After my husband and I were married I had the horrible thought of killing him while I was holding a knife. There I go again with sharp objects! It was a terrible thought and my husband had done nothing to even make me feel this way. He’s a total sweetheart! However, in my mind, I felt threatened in some inconceivable way.

Or there were the countless times when my oldest daughter was potty training and whenever she’d have an accident I was convinced that she was doing it to make me mad. I felt like I couldn’t control myself and I would spank her. Sometimes so hard it would leave a mark. I knew it was abuse and I felt like such a horrible person and a complete and epic failure at being a mom and disciple of Jesus Christ. I felt like I was spiraling downward.

So many times I had the urge to run away and leave my kids. I felt like they’d be better off without me. Maybe my husband could remarry a really great person and my children could have the mother they deserved? Sometimes I felt like I could hardly breathe, or like I was having a heart attack. I felt like I was suffocating in hopelessness.

There were times that I considered talking to a doctor or therapist, but I was too afraid to even say the words anxiety and depression. I was afraid of what those labels would make of me. Would they make me even more of a monster? I didn’t really think there was hope for me.

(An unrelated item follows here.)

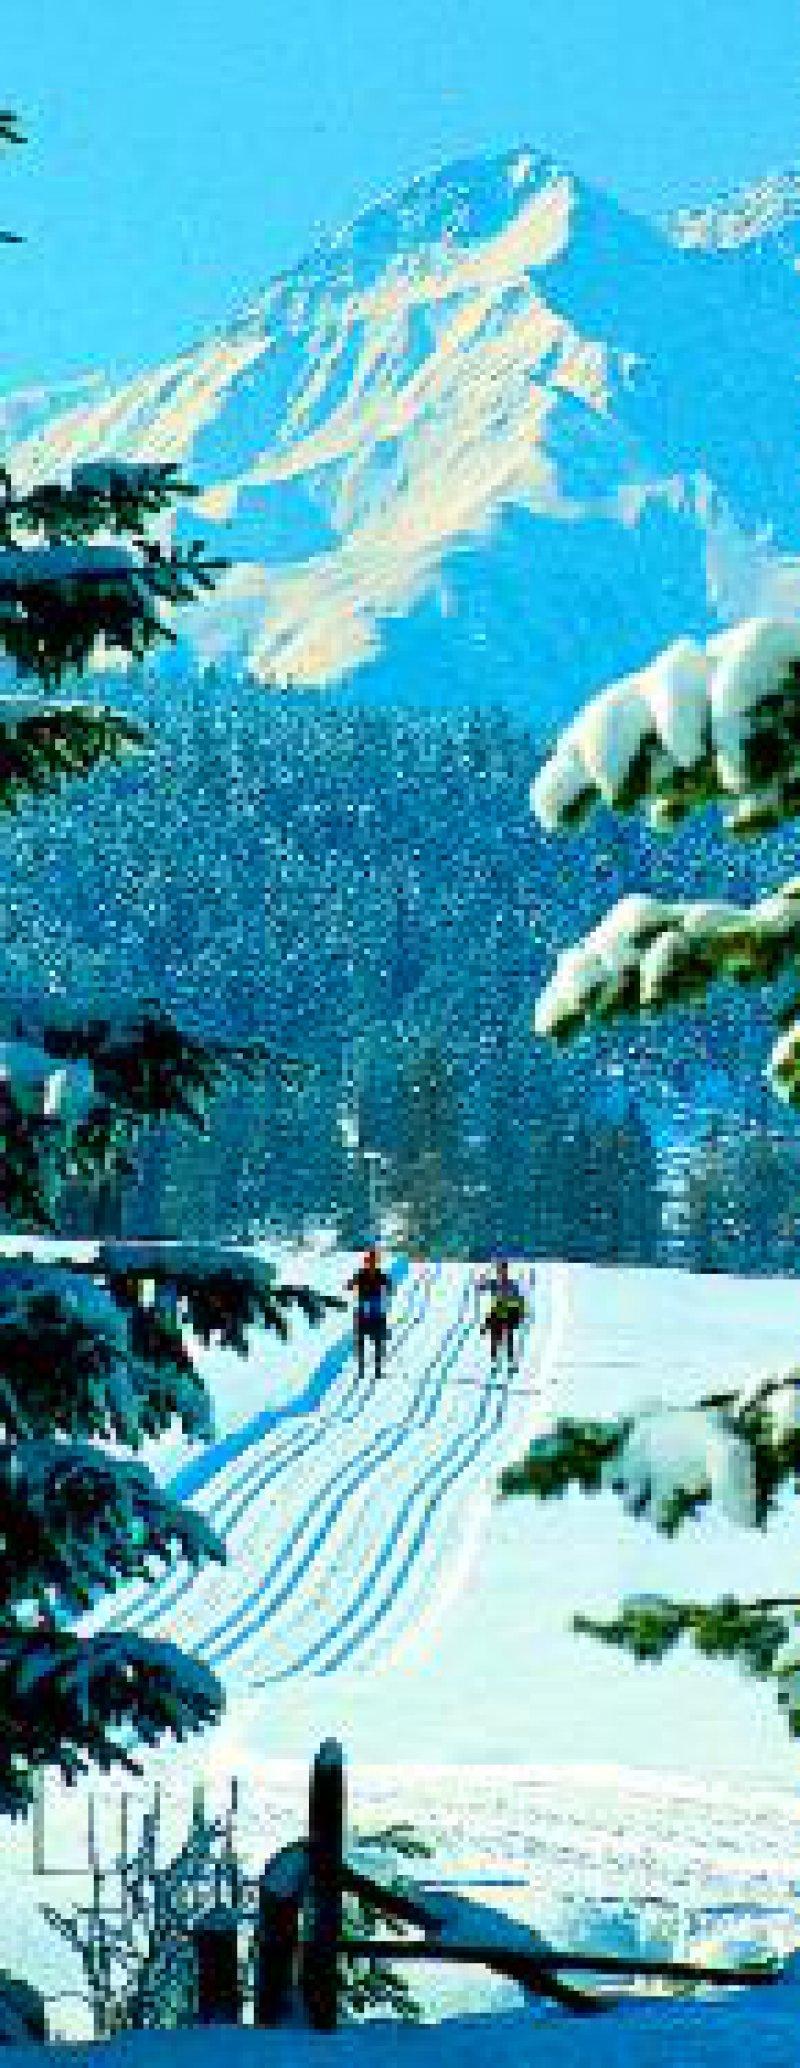 Gespurte Loipen und eine intakte Bergwelt in Tirol: ideal für Langläufer Fotos: Tirol Werbung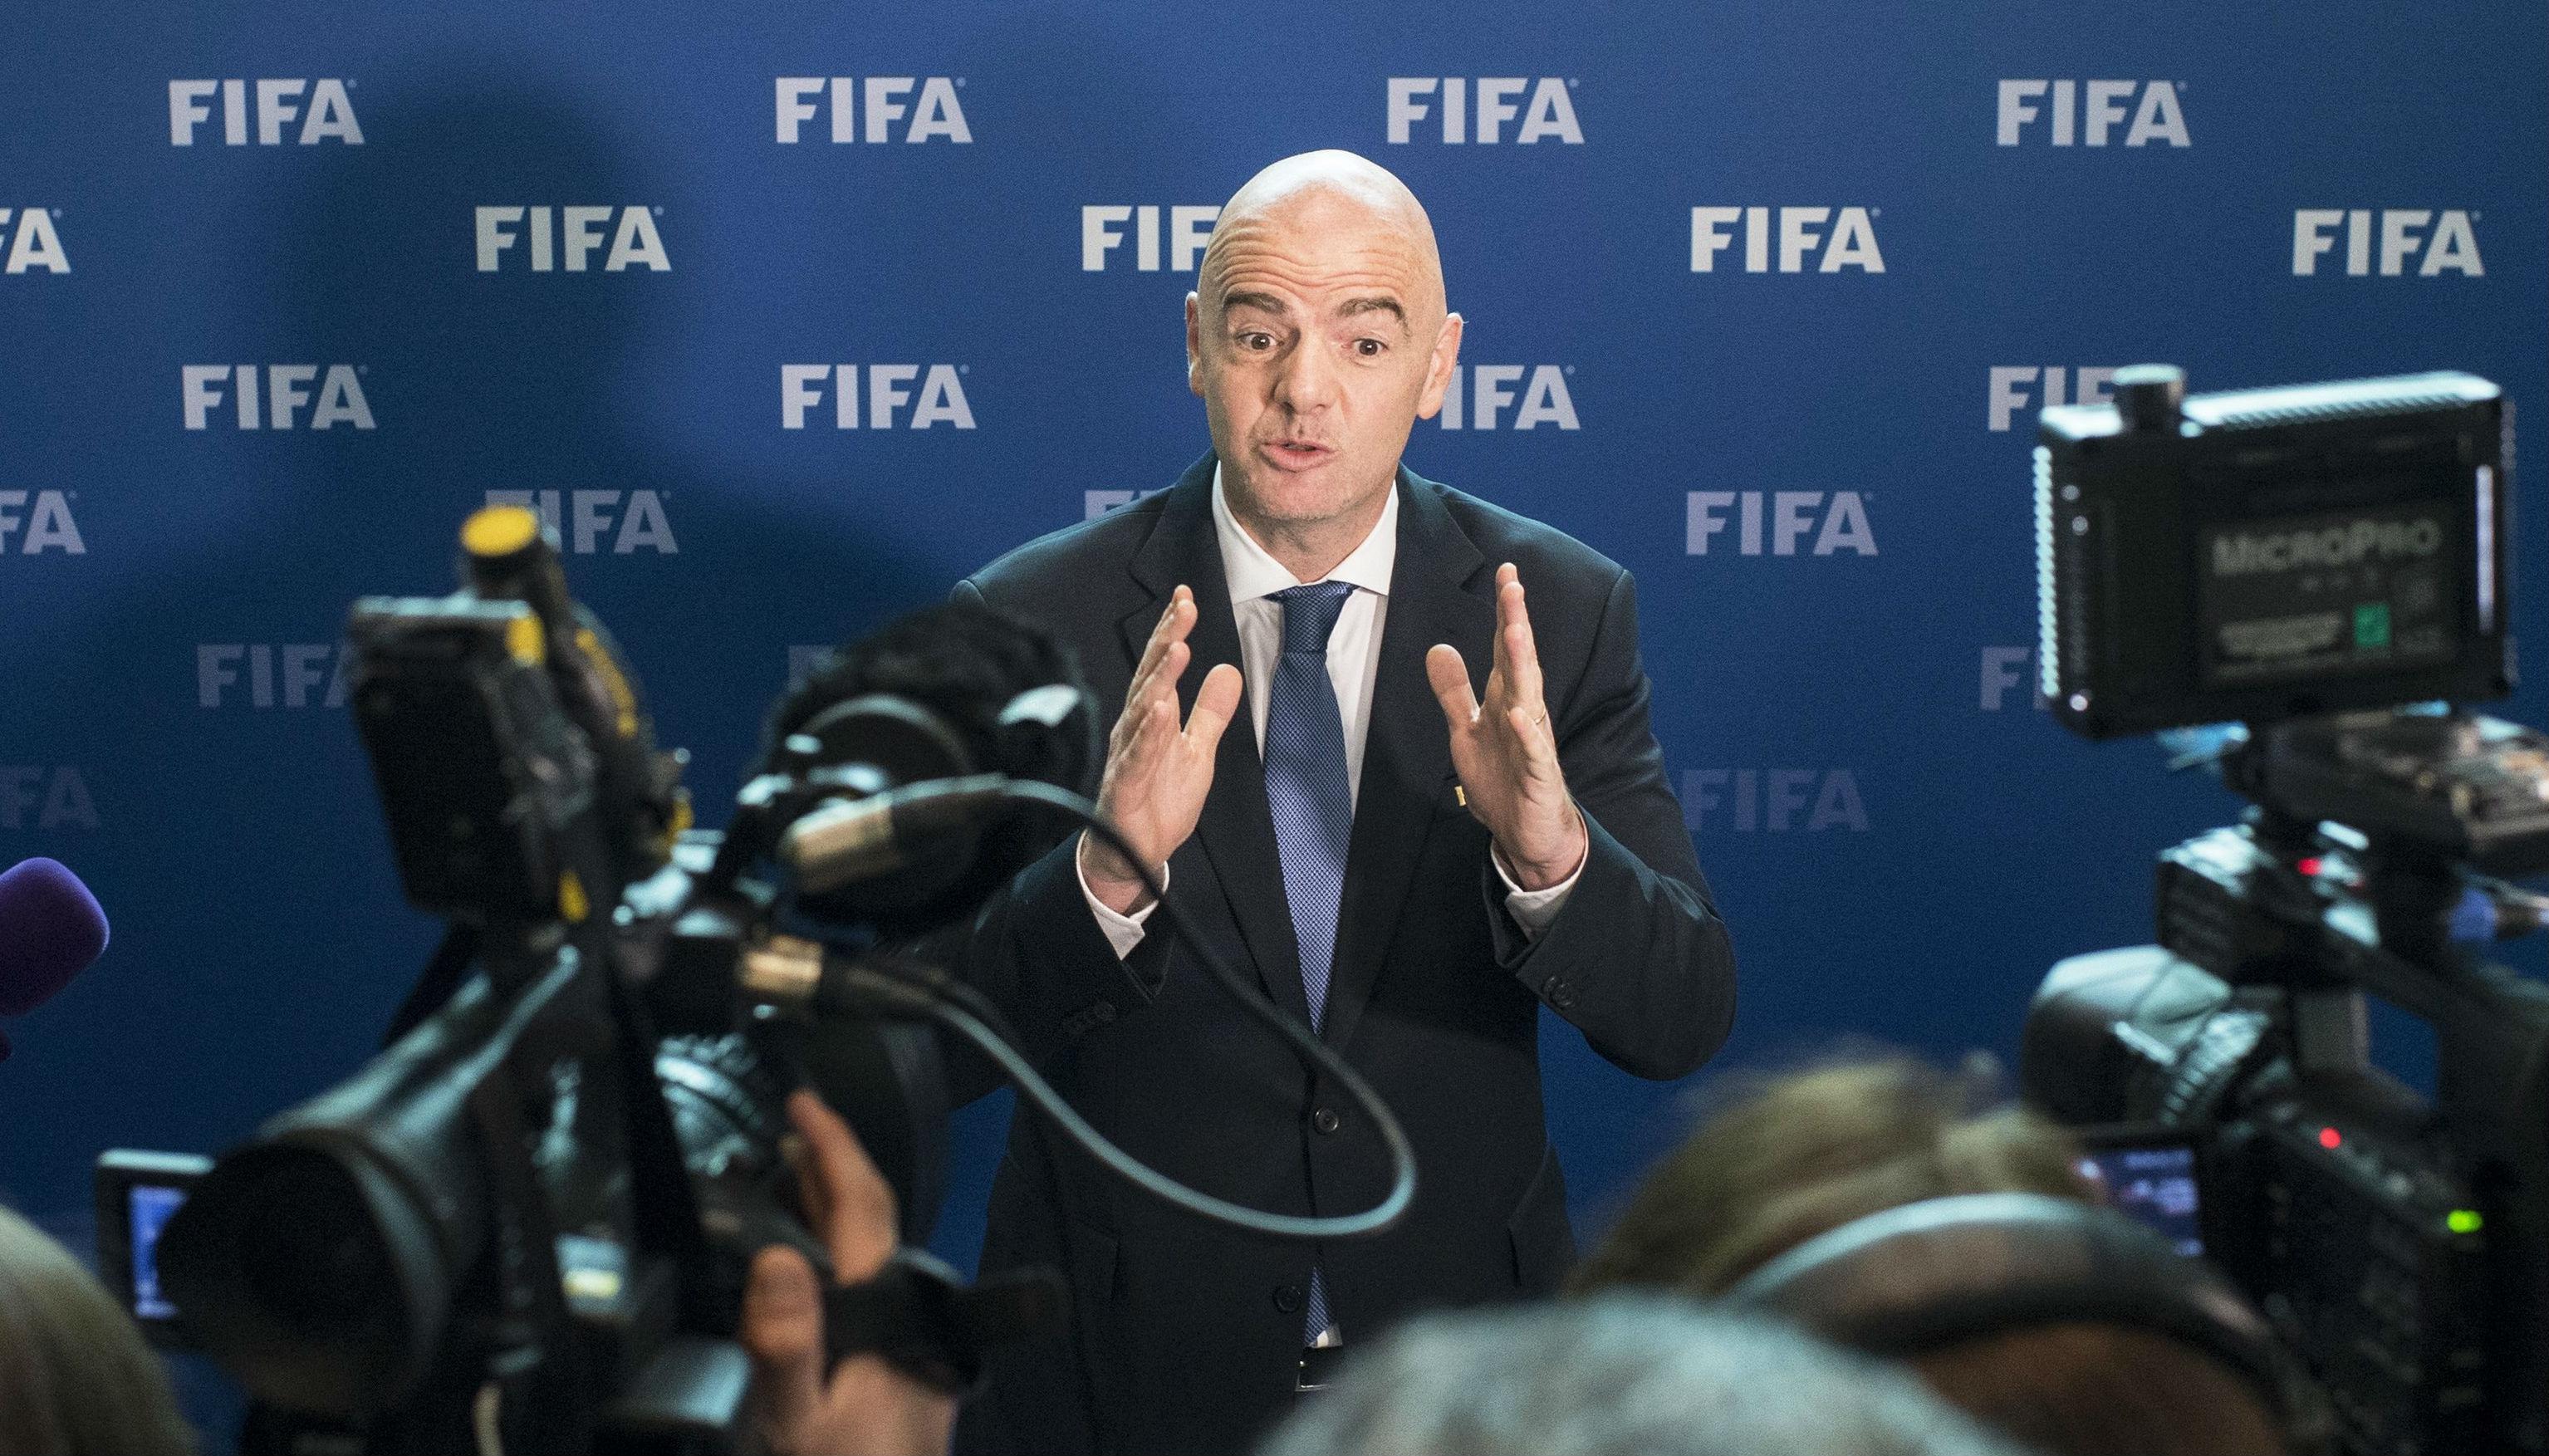 外媒:摩洛哥宣布申办2026年世界杯 之前四次申办均失败

Finally, I went to a therapist and I just let it all spill. I cried so hard that I’m sure he didn’t have a clue what I was even saying, but it felt really good to get the dark feelings out. I’ve continued to go to counseling, engage in writing and art therapy, meditation, make changes to my diet and getting more sunshine.

Gradually I have felt life come back into me. I could feel the Spirit of God when I read the scriptures and pray. I know it will always be an uphill struggle for me, but I don’t feel alone in the struggle.